Unified Policy Value Decomposition for Rapid Adaptation

Rapid adaptation in complex control systems remains a central challenge in reinforcement learning. We introduce a framework in which policy and value functions share a low-dimensional coefficient vector - a goal embedding - that captures task identity and enables immediate adaptation to novel tasks without retraining representations. During pretraining, we jointly learn structured value bases and compatible policy bases through a bilinear actor-critic decomposition. The critic factorizes as Q = sum_k G_k(g) y_k(s,a), where G_k(g) is a goal-conditioned coefficient vector and y_k(s,a) are learned value basis functions. This multiplicative gating - where a context signal scales a set of state-dependent bases - is reminiscent of gain modulation observed in Layer 5 pyramidal neurons, where top-down inputs modulate the gain of sensory-driven responses without altering their tuning. Building on Successor Features, we extend the decomposition to the actor, which composes a set of primitive policies weighted by the same coefficients G_k(g). At test time the bases are frozen and G_k(g) is estimated zero-shot via a single forward pass, enabling immediate adaptation to novel tasks without any gradient update. We train a Soft Actor-Critic agent on the MuJoCo Ant environment under a multi-directional locomotion objective, requiring the agent to walk in eight directions specified as continuous goal vectors. The bilinear structure allows each policy head to specialize to a subset of directions, while the shared coefficient layer generalizes across them, accommodating novel directions by interpolating in goal embedding space. Our results suggest that shared low-dimensional goal embeddings offer a general mechanism for rapid, structured adaptation in high-dimensional control, and highlight a potentially biologically plausible principle for efficient transfer in complex reinforcement learning systems.
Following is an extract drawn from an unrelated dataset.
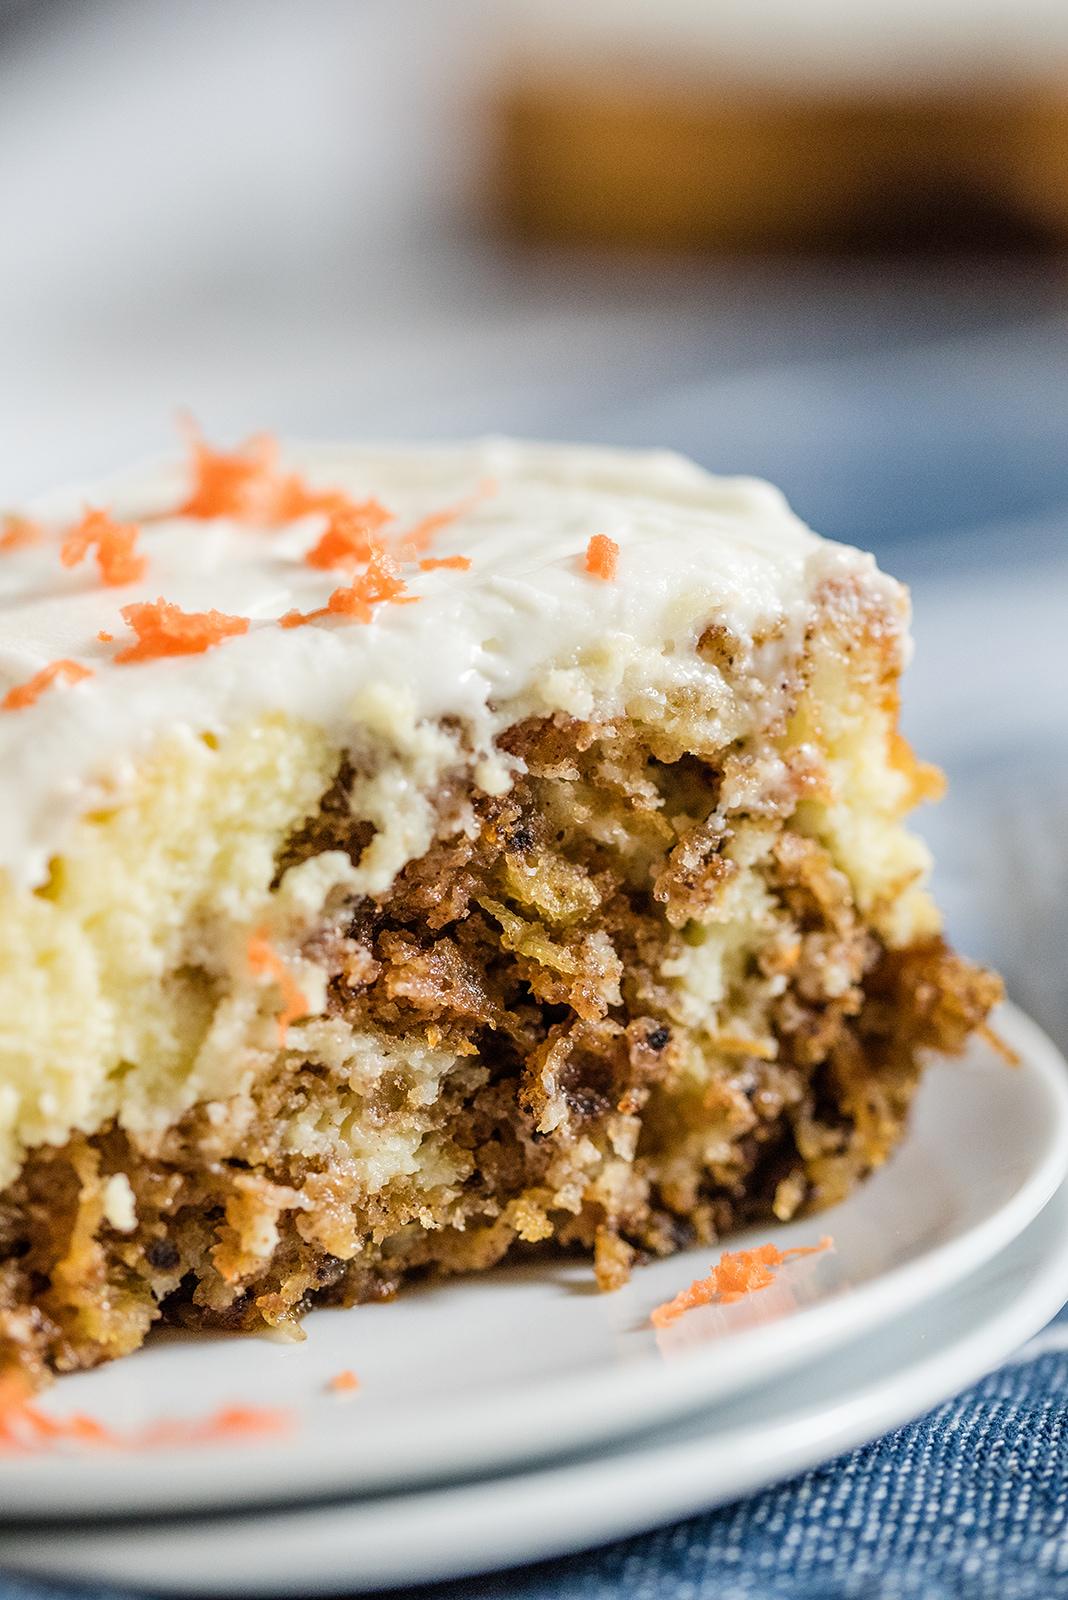 Carrot Cake Cheesecake Bunny S Warm Oven
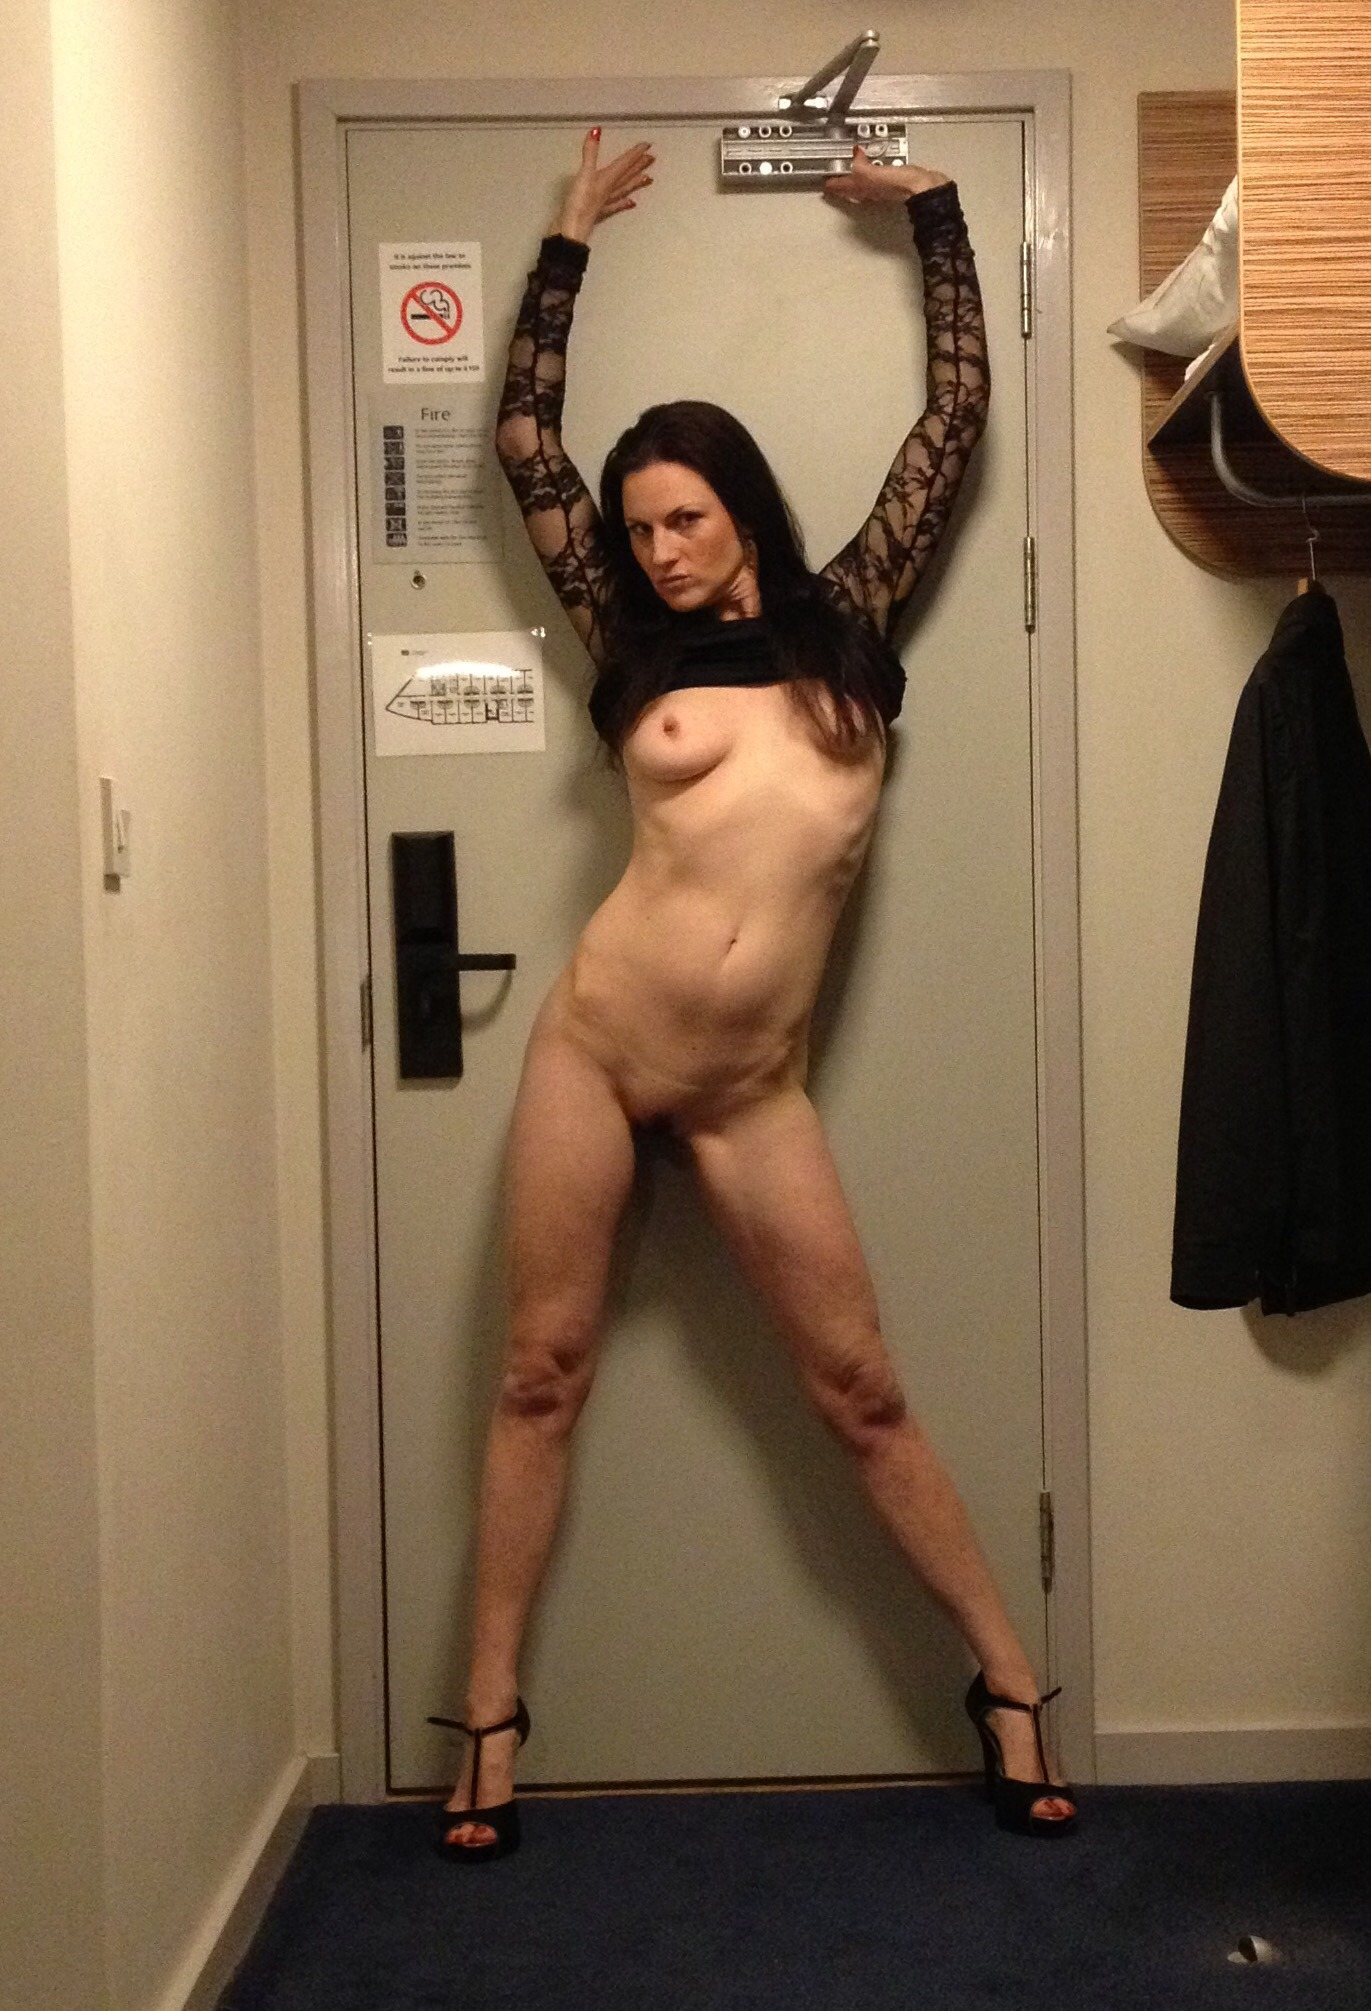 briana blair handjob porn new xxx

翻译：在复杂控制系统中，快速适应仍是强化学习面临的核心挑战。我们提出一种框架，其中策略函数与价值函数共享低维系数向量——即目标嵌入（goal embedding），该嵌入捕获任务特征，无需重新训练表示即可即时适应新任务。在预训练阶段，我们通过双线性演员-评论家分解联合学习结构化价值基函数与兼容策略基函数。评论家分解为Q = sum_k G_k(g) y_k(s,a)，其中G_k(g)是目标条件系数向量，y_k(s,a)是学习到的价值基函数。这种乘法门控机制——上下文信号通过缩放一组状态依赖基函数——类似于第五层锥体神经元中观察到的增益调制现象，其中自上而下的输入调整感觉驱动响应的增益而不改变其调谐特性。基于后继特征（Successor Features），我们将该分解扩展至演员，使其通过相同系数G_k(g)加权组合一组基础策略。测试阶段基函数被冻结，G_k(g)通过单次前向传播实现零样本估计，无需任何梯度更新即可即时适应新任务。我们在MuJoCo Ant环境中训练软演员-评论家（Soft Actor-Critic）智能体执行多方向移动任务，要求智能体按照连续目标向量指定的八个方向行走。双线性结构使每个策略头专精于部分方向，而共享系数层实现跨方向泛化，通过目标嵌入空间插值适应新方向。实验结果表明，共享低维目标嵌入为高维控制系统的快速结构化适应提供通用机制，并揭示了复杂强化学习系统中生物合理性高效迁移的潜在原理。